I'm interested in the following operator $T$, close relative of the standard logarithmic derivative:
$$f(x)\to Tf(x)=\frac{\text{d}(\log {f})}{\text{d}(\log {x})}=\frac{xf'}{f},$$
where $f$ is an increasing, positive $C^{\infty}(\mathbb R^+)$ function. Does anyone know whether this pops up, say, in functional analysis or probability? If so, in which context?
You see this in the discussion of modular forms and related topics. When complex variable $\tau$ is in the upper half-plane $\operatorname{Im} \tau > 0$, the related complex variable $q = e^{2\pi i \tau}$ is in the (punctured) unit disk $0 < |q| < 1$.
An important derivation in this setting [call it say $\vartheta$] is defined as follows. If $f$ is a function of $q$, equivalently a function of $\tau$ with period $1$,
$$
\vartheta f = \frac{1}{2\pi i}\frac{d}{d\tau} f \qquad\text{in terms of }\tau
$$
or
$$
\vartheta f = q\frac{d}{dq} f \qquad\text{in terms of } q
$$
Thus, the logarithmic derivative in terms of $\tau$ is essentially your operator $T$ in terms of $q$:
$$
\frac{\vartheta f}{f} = \frac{1}{2\pi i}\frac{df/d\tau}{f} = q \frac{df/dq}{f} = T [f] .
$$
Some random examples (i)
$$
E_2 = 24\frac{\vartheta \eta}{\eta} = 24 \;T [\eta]
$$
where $\eta$ is the Dedekind eta function and $E_2$ is an Eisenstein series:
$$
\eta(q) = q^{1/24}\prod_{n=1}^\infty(1-q^n)
\\
E_2(q) = 1 - 24\sum_{k=1}^\infty \sigma(k) q^k
$$
And (ii)
$$
T[j_{3B}](\tau) = \frac{1}{2}E_2(\tau) - \frac{3}{2}E_2(3\tau)
$$
where
$$
j_{3B}(\tau) = \frac{\eta(\tau)^{12}}{\eta(3\tau)^{12}}
$$
is a Hauptmodul for modular curve $X_0(3)$. See A030182.
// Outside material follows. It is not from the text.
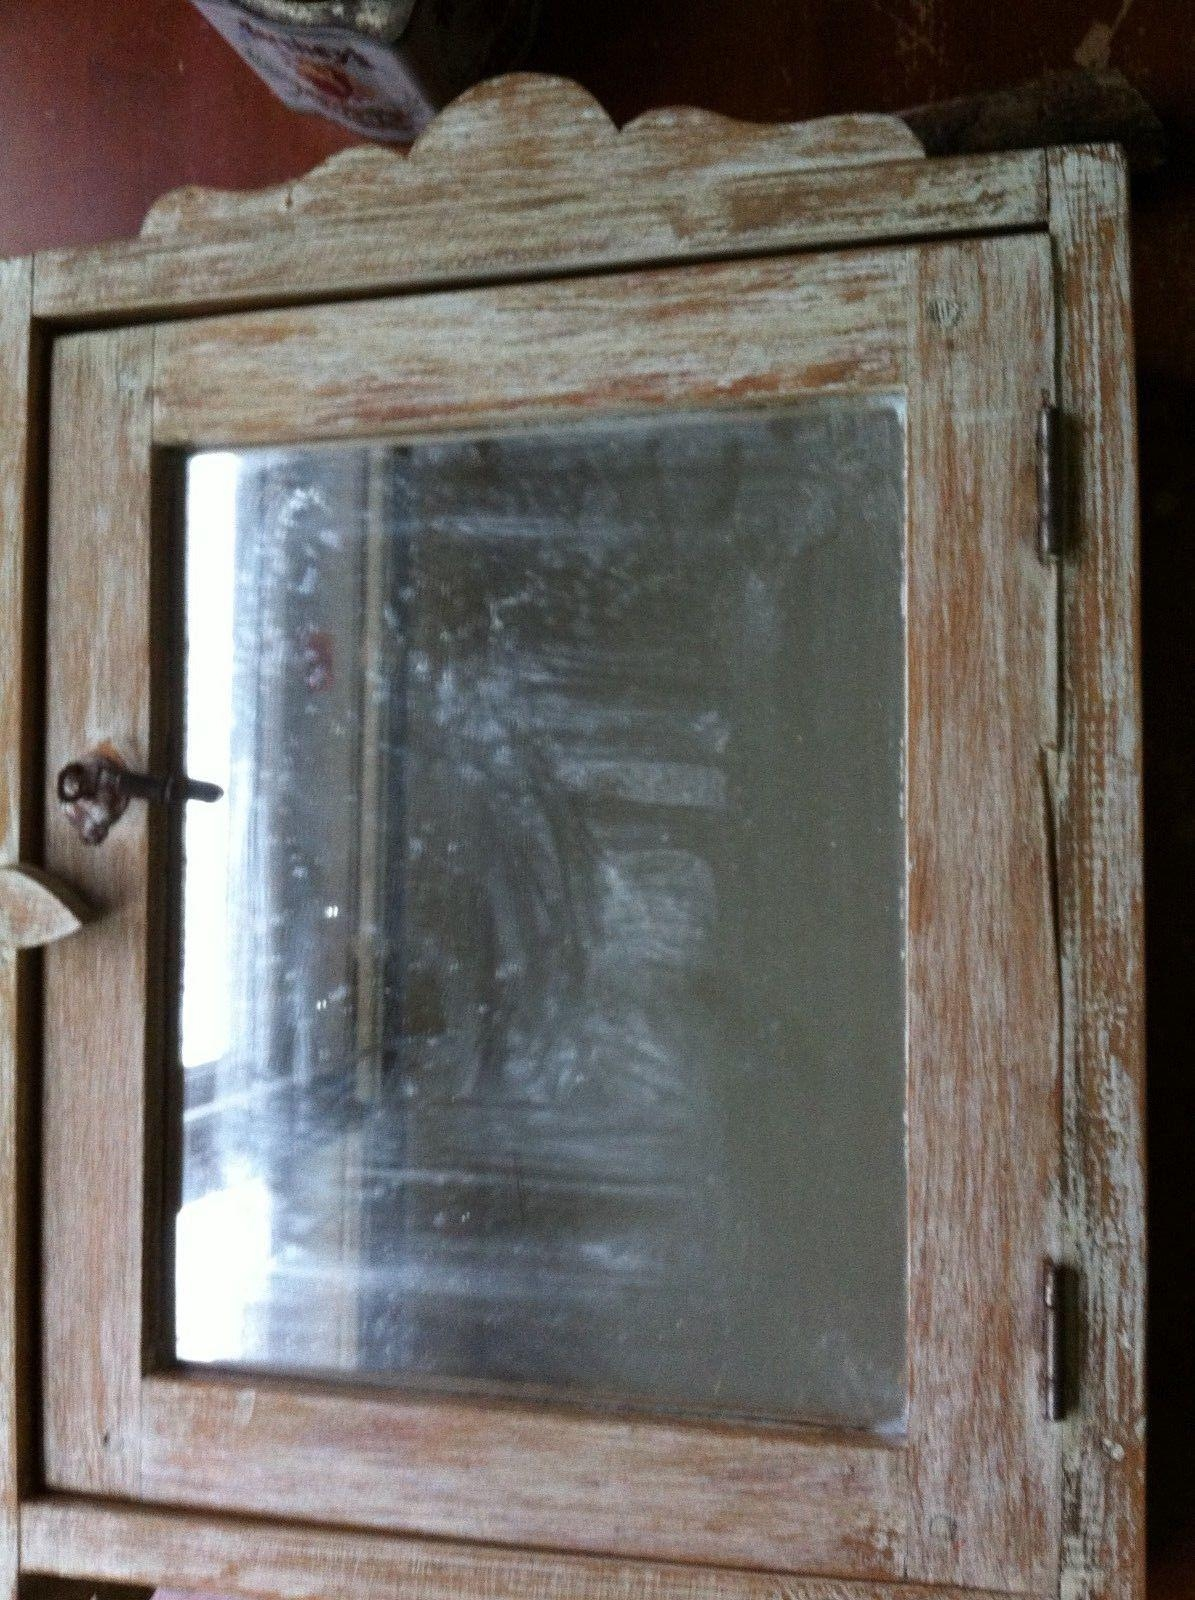 Vintage Wood Bathroom Medicine Cabinet Glass Mirror With Towel Bar Regarding Vintage Wood Mirrors (View 9 of 20)

Plug. These two examples copied from the appendix of arXiv:2005.10733
You could also look at the numerous refs in OEIS A263916 on the classic Faber polynomials, related to the Newton identities and symmetric functions/polynomials, defined by
$$ -\ln(1 + b(1) x + b(2) x^2 + ...) = \sum_{n>=1} F_n(b(1),...,b(n)) \; x^n/n,$$
so
$$x \; D_x \ln(f(x)) = \sum_{n>=1} -F_n(b(1),...,b(n)) \; x^n .$$